**EXERCISE DESCRIPTION**
Copy out the full listing exactly, omitting any picture it contains.

**GIVEN DATA**
----------------
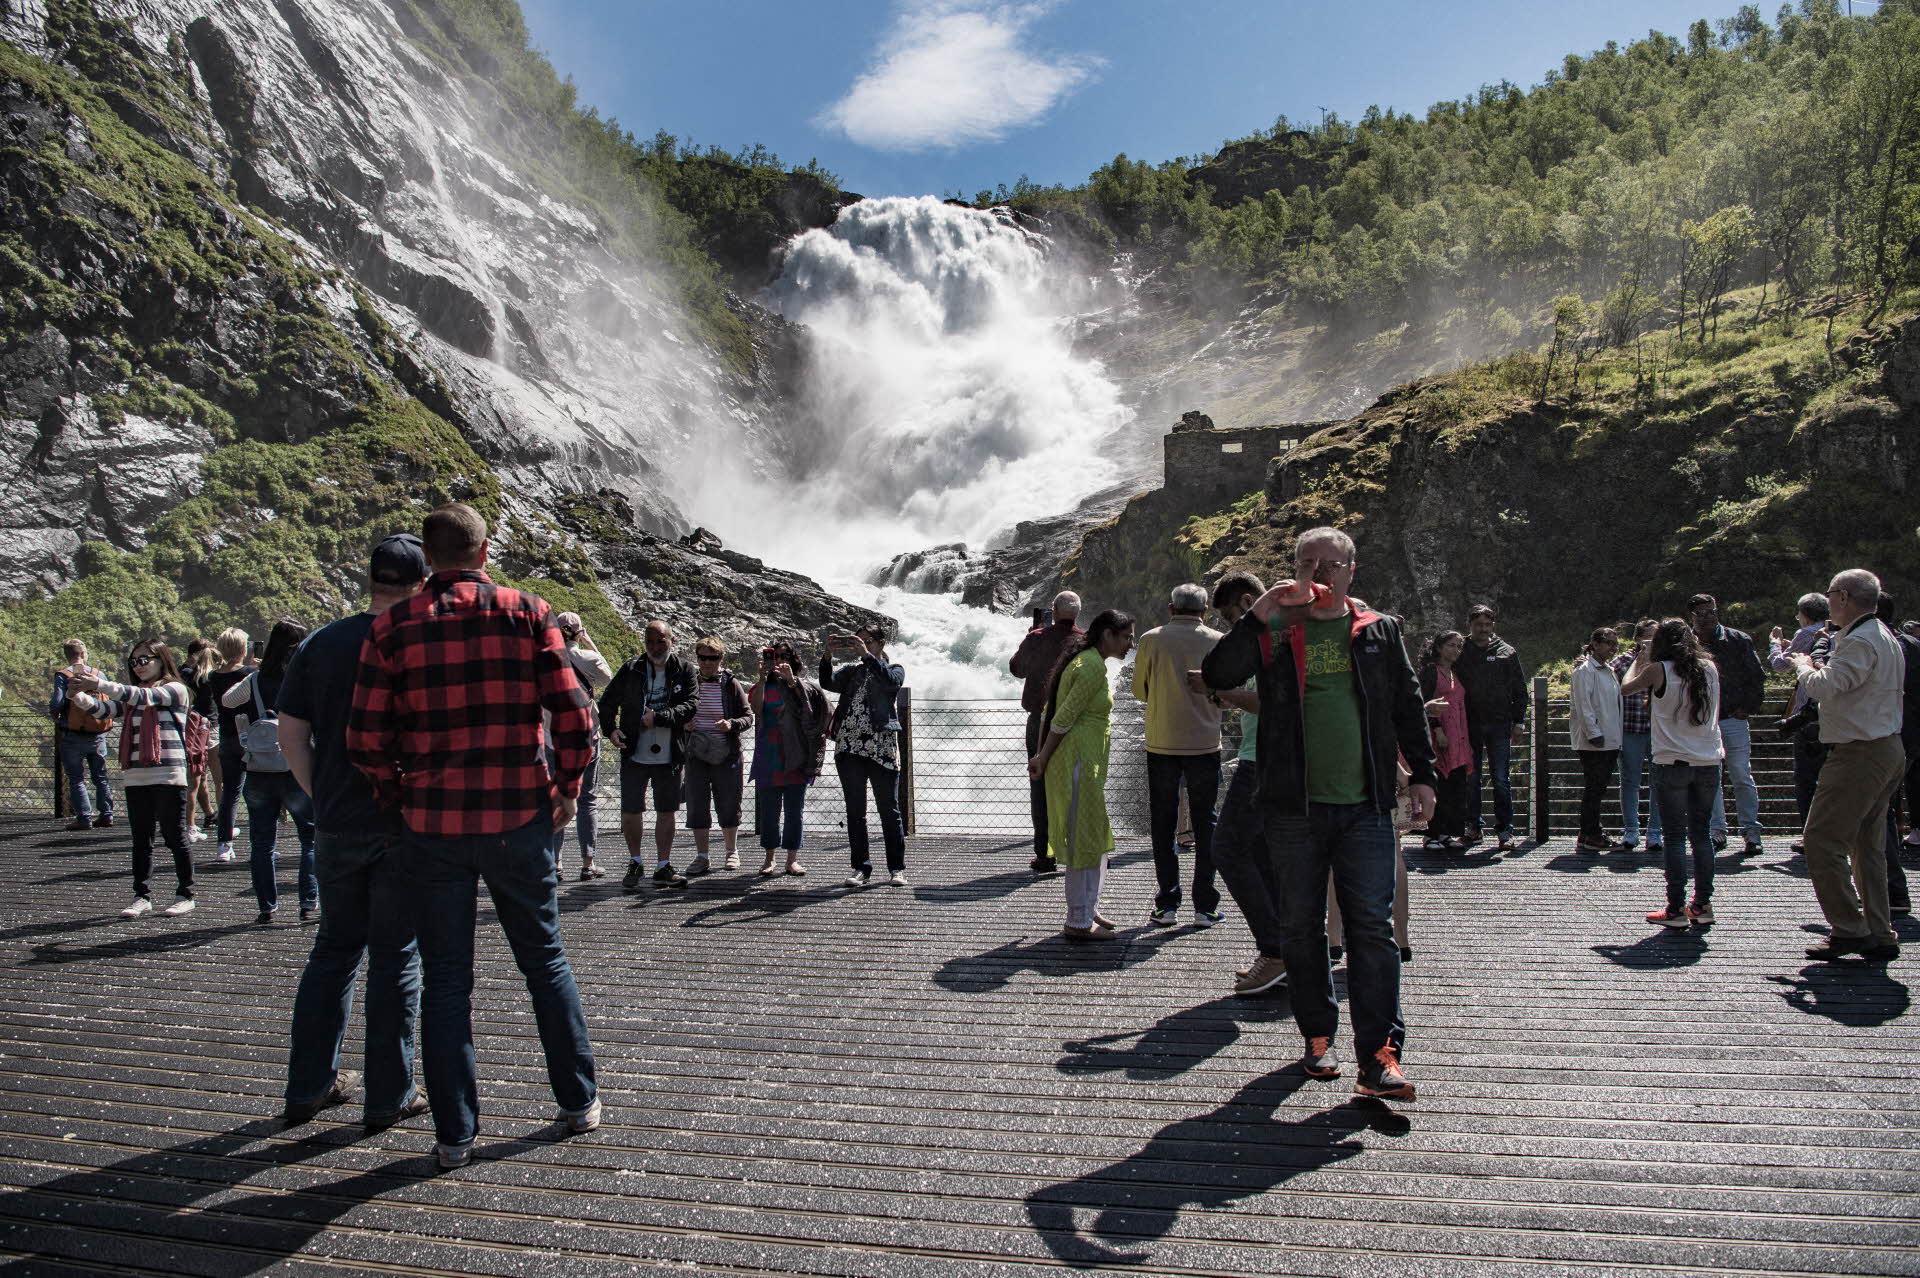 Groupe de touristes debout sur la plateforme d’observation du train de Flåm et surplombant le torrent de la cascade de Kjosfossen en plein été 
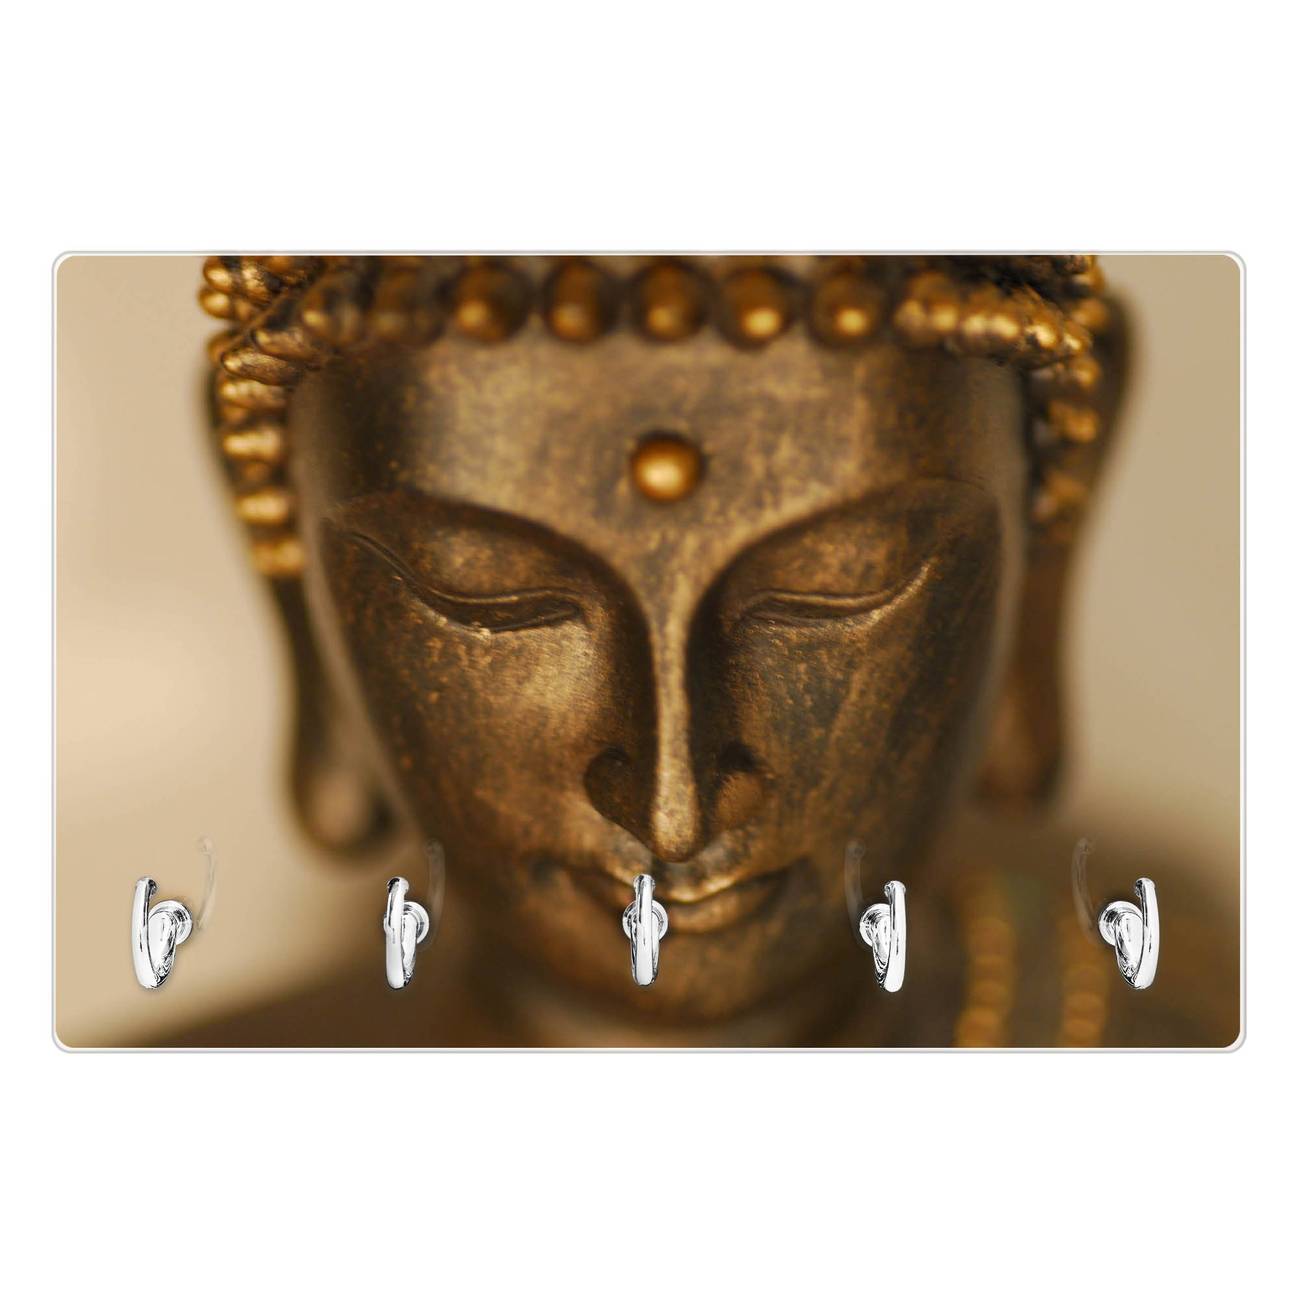 Modernes Schlüsselbrett aus Glas von banjado, Schlüsselboard 30cm x 20cm mit 5 Haken, Schlüsselleiste beschreibbar und magnetisch mit Motiv Buddha Gold
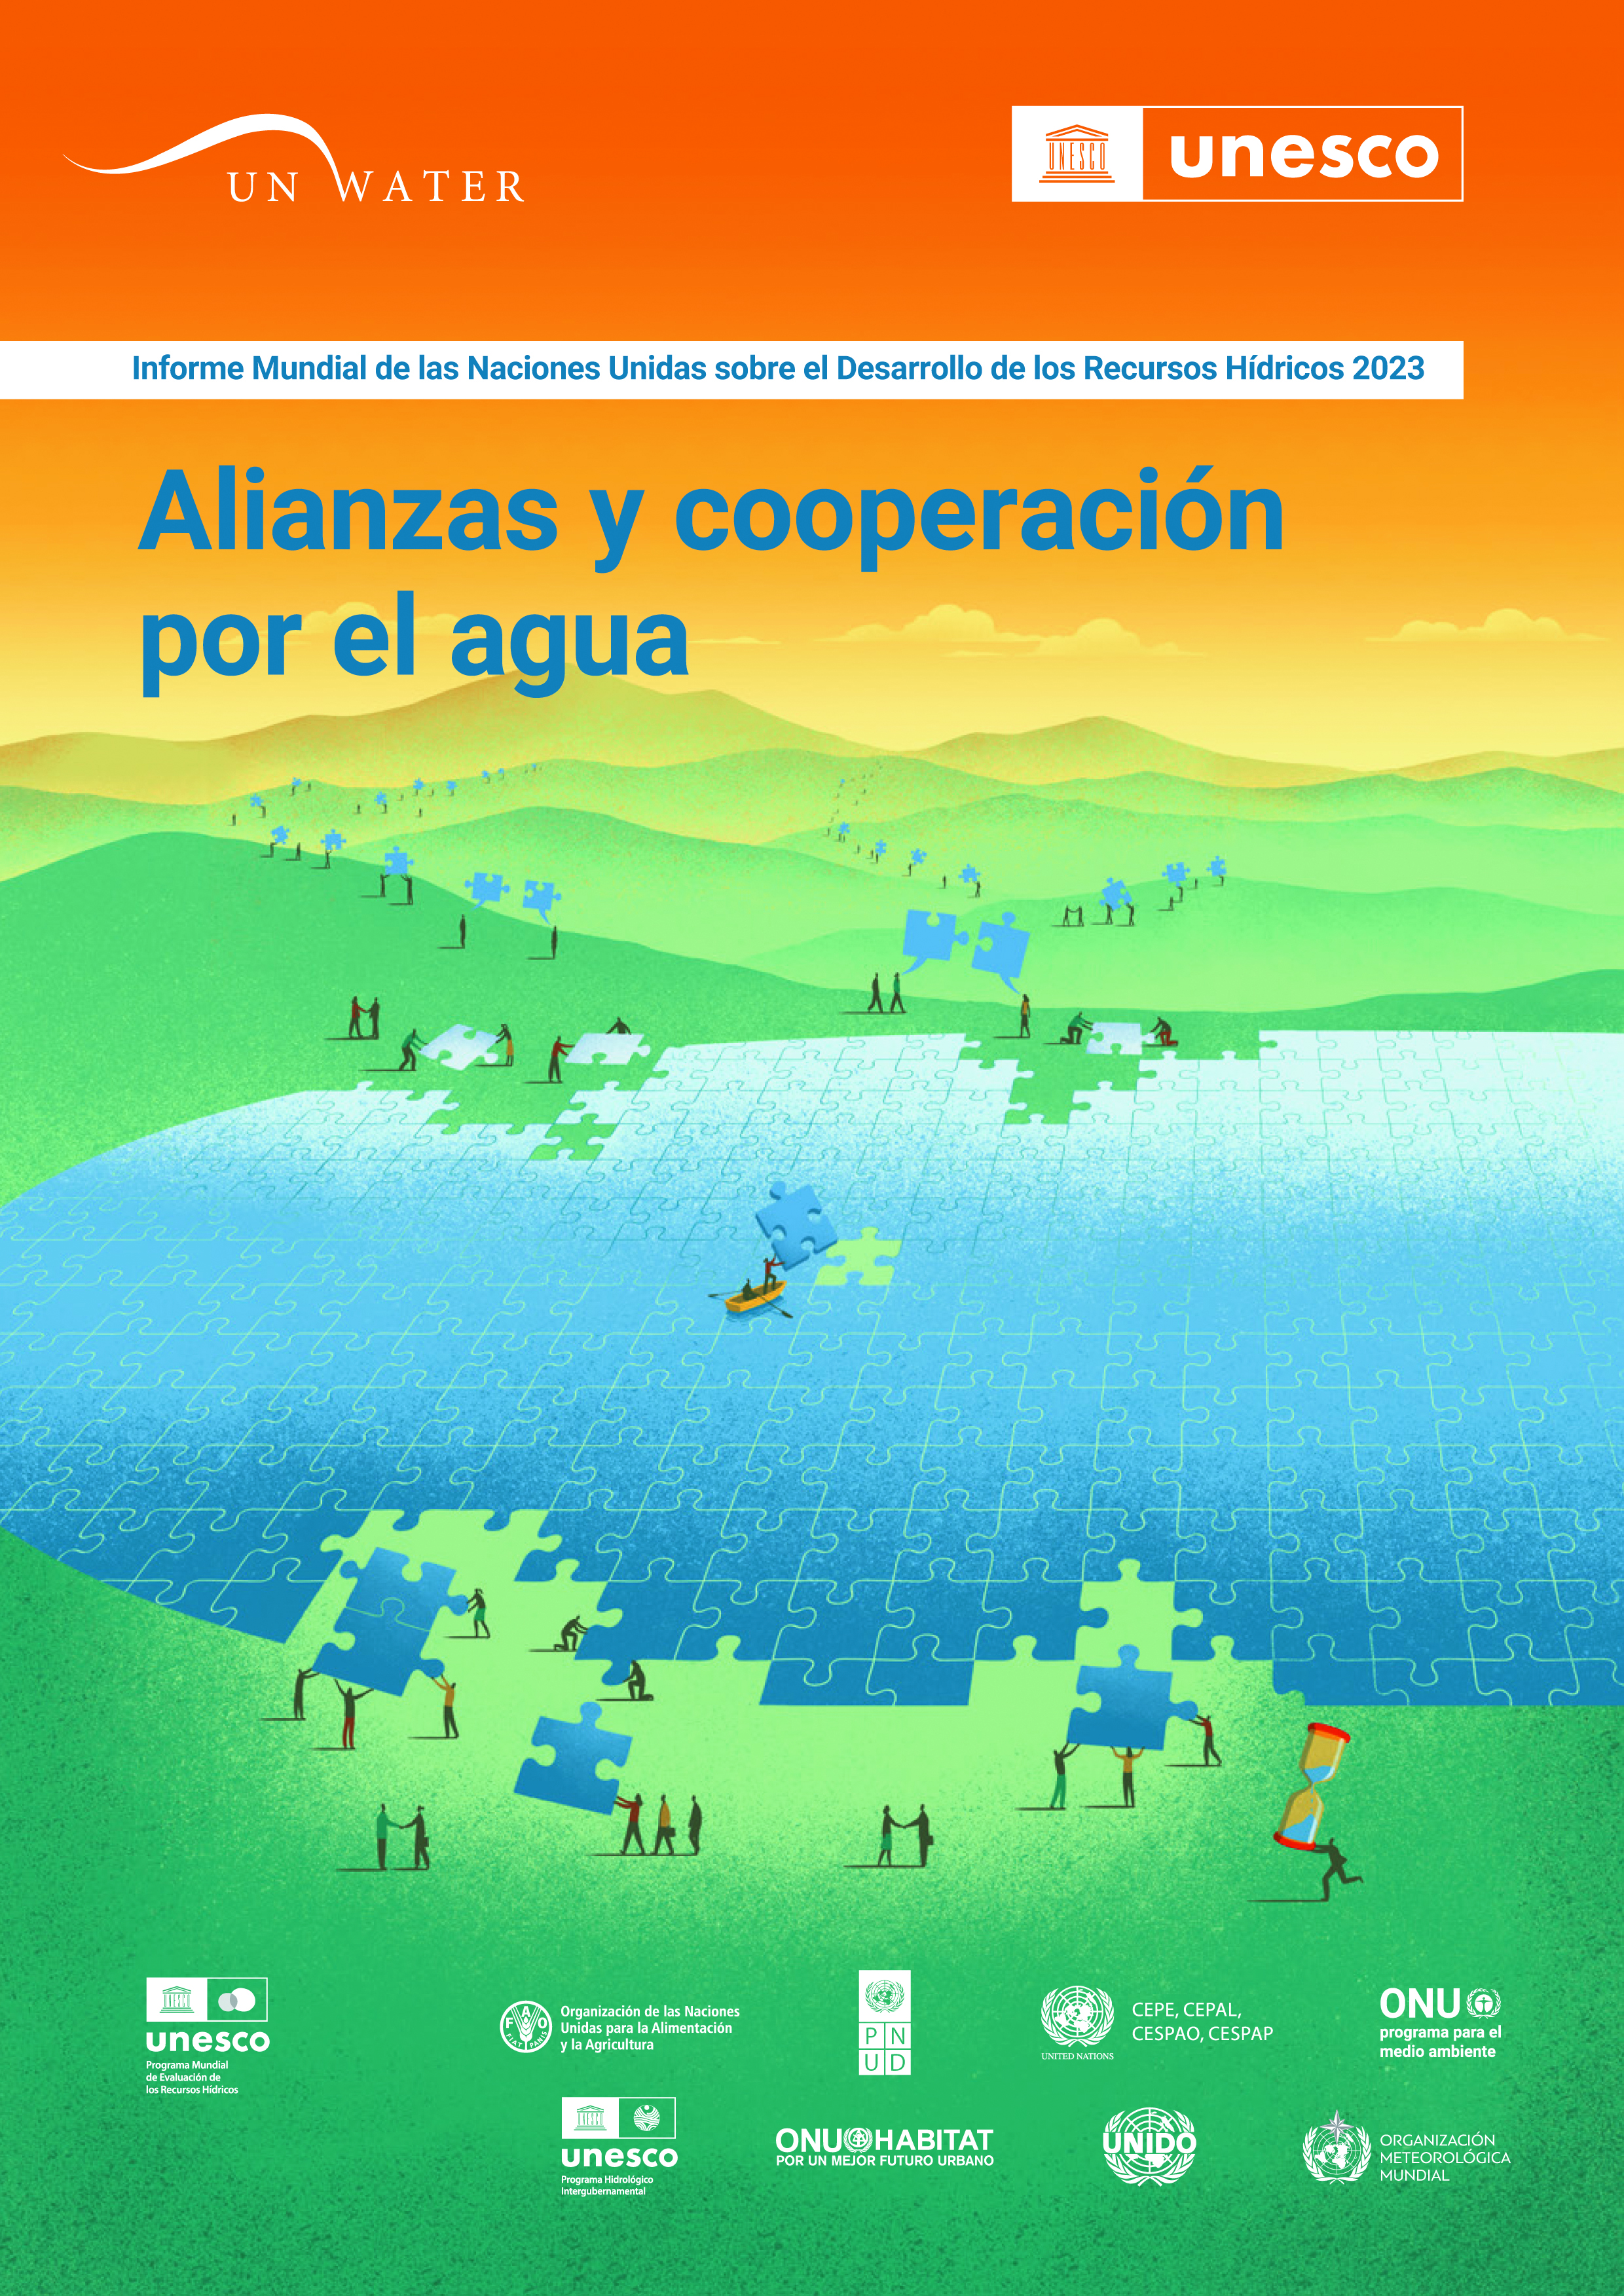 image of Informe Mundial de las Naciones Unidas sobre el Desarrollo de los Recursos Hídricos 2023
----------------
**ANSWER TO THIS TASK**
 Groupe de touristes debout sur la plateforme d’observation du train de Flåm et surplombant le torrent de la cascade de Kjosfossen en plein été 
 Modernes Schlüsselbrett aus Glas von banjado, Schlüsselboard 30cm x 20cm mit 5 Haken, Schlüsselleiste beschreibbar und magnetisch mit Motiv Buddha Gold
 image of Informe Mundial de las Naciones Unidas sobre el Desarrollo de los Recursos Hídricos 2023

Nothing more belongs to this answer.